We all appreciate that it is difficult to please everybody but the HFF News editorial team are getting a bit fed up of the barrage of complaints from members and visitors who consider that they have been hard done by as a result of some embarrassing disclosure or, at the other extreme, no publicity at all. So in order to placate yet another of our indignant readers here is another apology.

John Hammond has lodged a strong protest on behalf of his grandson, Matthew. We understand that, since being photographed in a boat with granddad, Matthew has not stopped whinging at the absence of any photos in ‘Latest News’.

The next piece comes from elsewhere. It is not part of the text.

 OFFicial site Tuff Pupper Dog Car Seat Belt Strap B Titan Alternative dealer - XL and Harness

John Hammond With His Nephew Matthew


Now, had Matthew done something special or unusual during this trip, the full weight of our editorial team would have been thrown behind the story which would certainly have been accompanied by some of our high quality photographs. However, as Matthew’s grandfather failed miserably to enable the wretched lad to actually catch a fish, we are obliged to resort to showing you boring photos of Matthew being rowed around the reservoir, full of anticipation and enthusiasm, only to eventually return sadder but wiser. Sorry Matthew but it’s better to find out sooner rather than later that granddad’s idea of a good time is not necessarily yours. In future, stick to the Nintendo.




EVEN MORE COMPLAINTS

Having decided that they could handle the task of sanding down boat No. 5 (the latest subject of our refurbishment program) the Bailiff and the Reporter set about the task in their usual haphazard and cavalier manner. The phrase “Bodge-it and Leg-it” comes to mind. When our Boat Refurbishment Oberführer (better known as ‘Theme for a dream’) came to inspect their efforts he was horrified. Well you can’t be good at everything.

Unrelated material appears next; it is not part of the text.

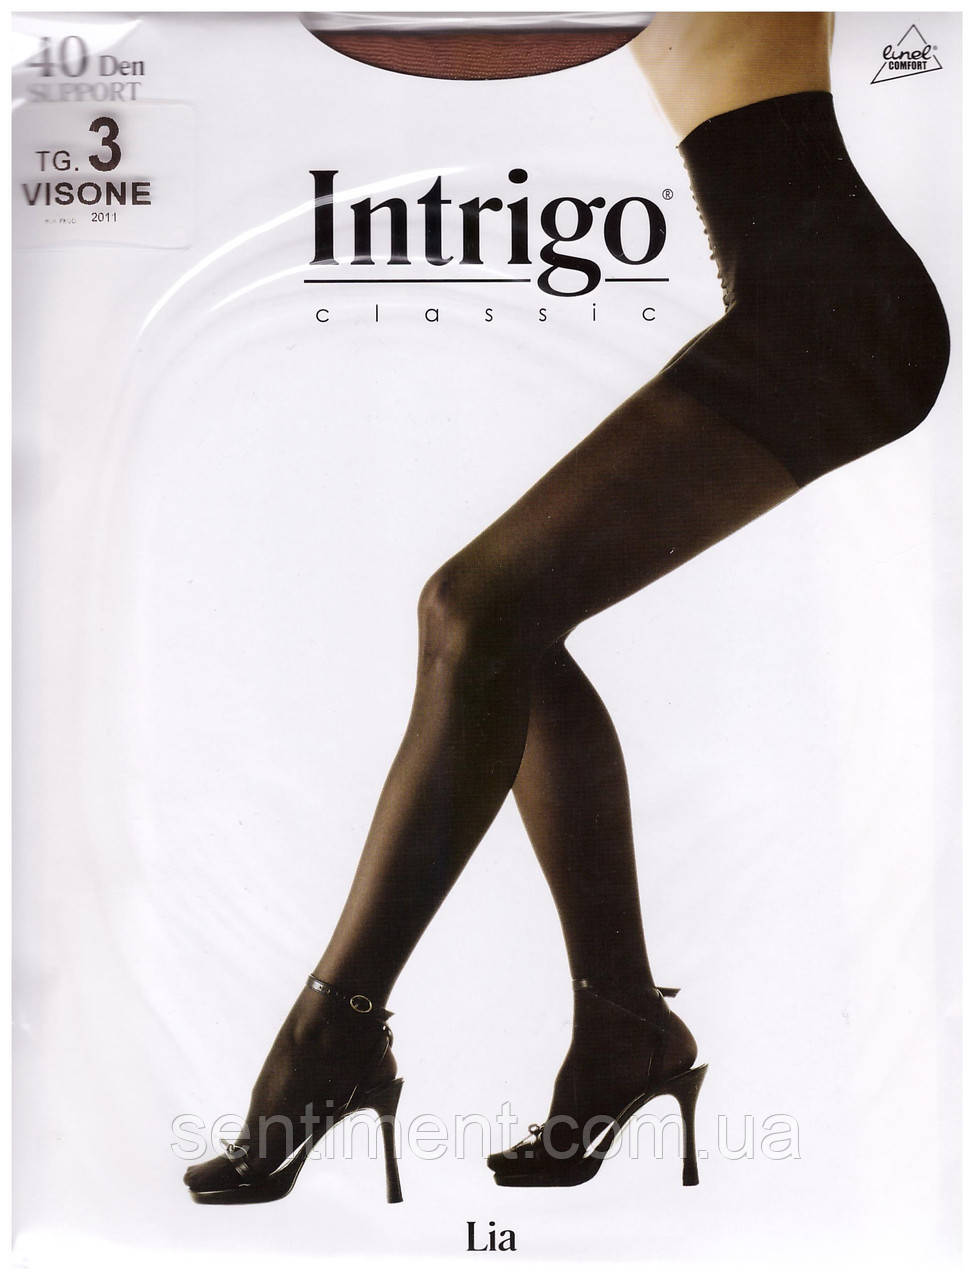 Колготы Intrigo classic Lia (support) 40 den. Опт и розница.

The general consensus of the ‘old boys’ sitting in the lodge is that the reporter should stick to what everyone knows he is good at - insulting and upsetting people. However, they are still trying to decide what the bailiff is good at!

Undeterred by the apparent justifiable criticism, the duo now seem determined to continue trying to do just enough to the unfortunate boat to “get away with it”.




OUR INDEPENDENT OBSERVER

Early on Friday morning, while sitting on the dam watching both the Bailiff and Reg Kent fail to tempt the odd rising fish, ‘Colin’ came sauntering along the dam from the direction of the woods. He is a keen birdwatcher and observer of wildlife in our area and is one of the 40,000 volunteer birdwatchers, in partnership with professional research scientists, who collect data on birds and other wildlife on behalf of the British Trust for Ornithology (BTO).

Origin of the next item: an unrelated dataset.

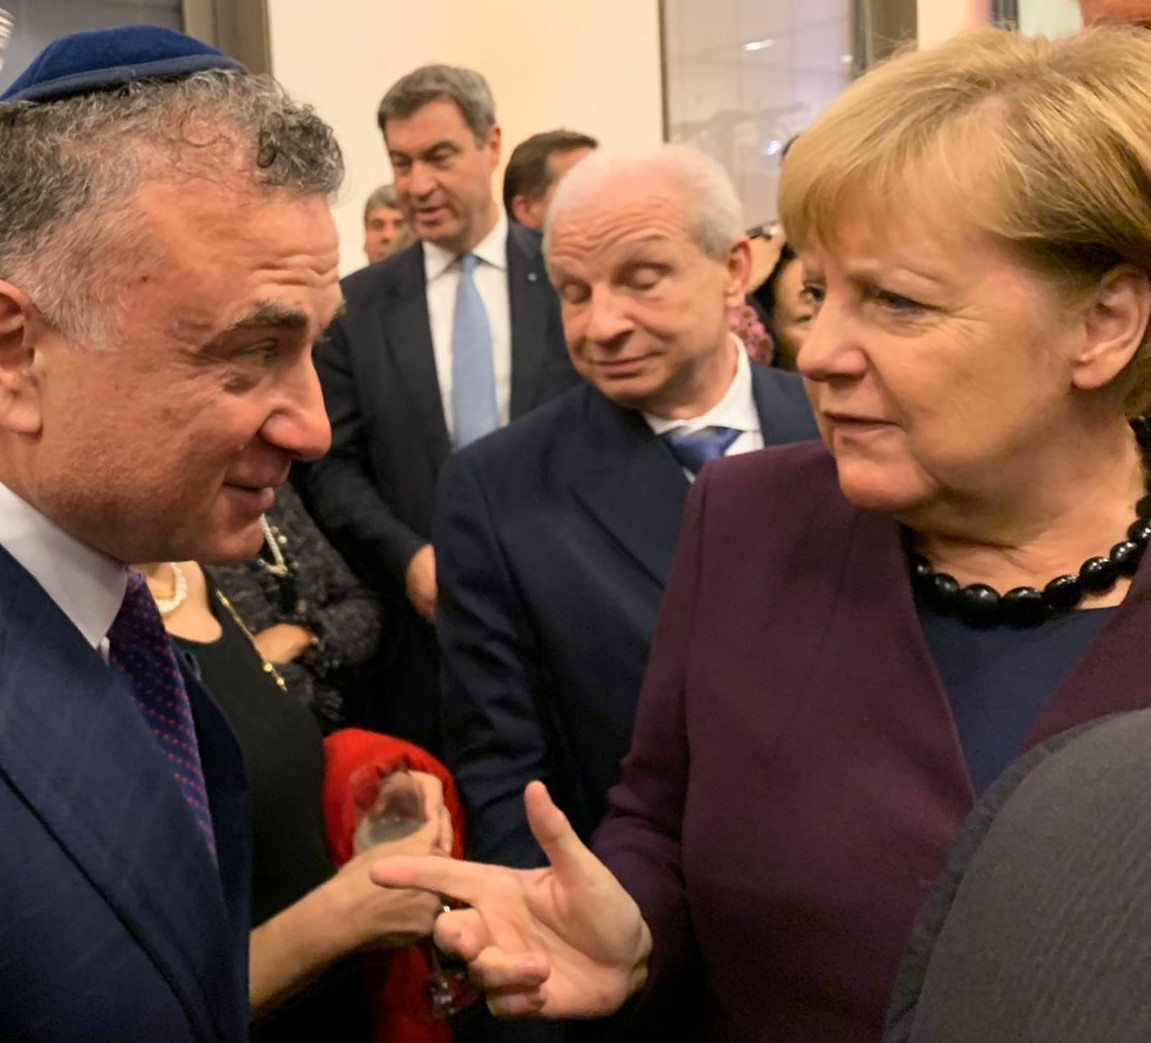 Meeting Germany's Chancellor Angela Merkal at the World Jewish Congress

Just before he arrived we observed two Curlew Sandpipers flying across the reservoir. He informed us that he had seen three that morning. As we all sat admiring the view a lone Cormorant arrived and flew down towards the western arm of the reservoir, probably to perch at the top of the dead tree at the far end, which is a favourite observation post for the Cormorants. I have never seen as many trout with marks where a Cormorant has attempted to catch them as I have this year. It is surprising how many survive such attacks but it makes you wonder how many don’t.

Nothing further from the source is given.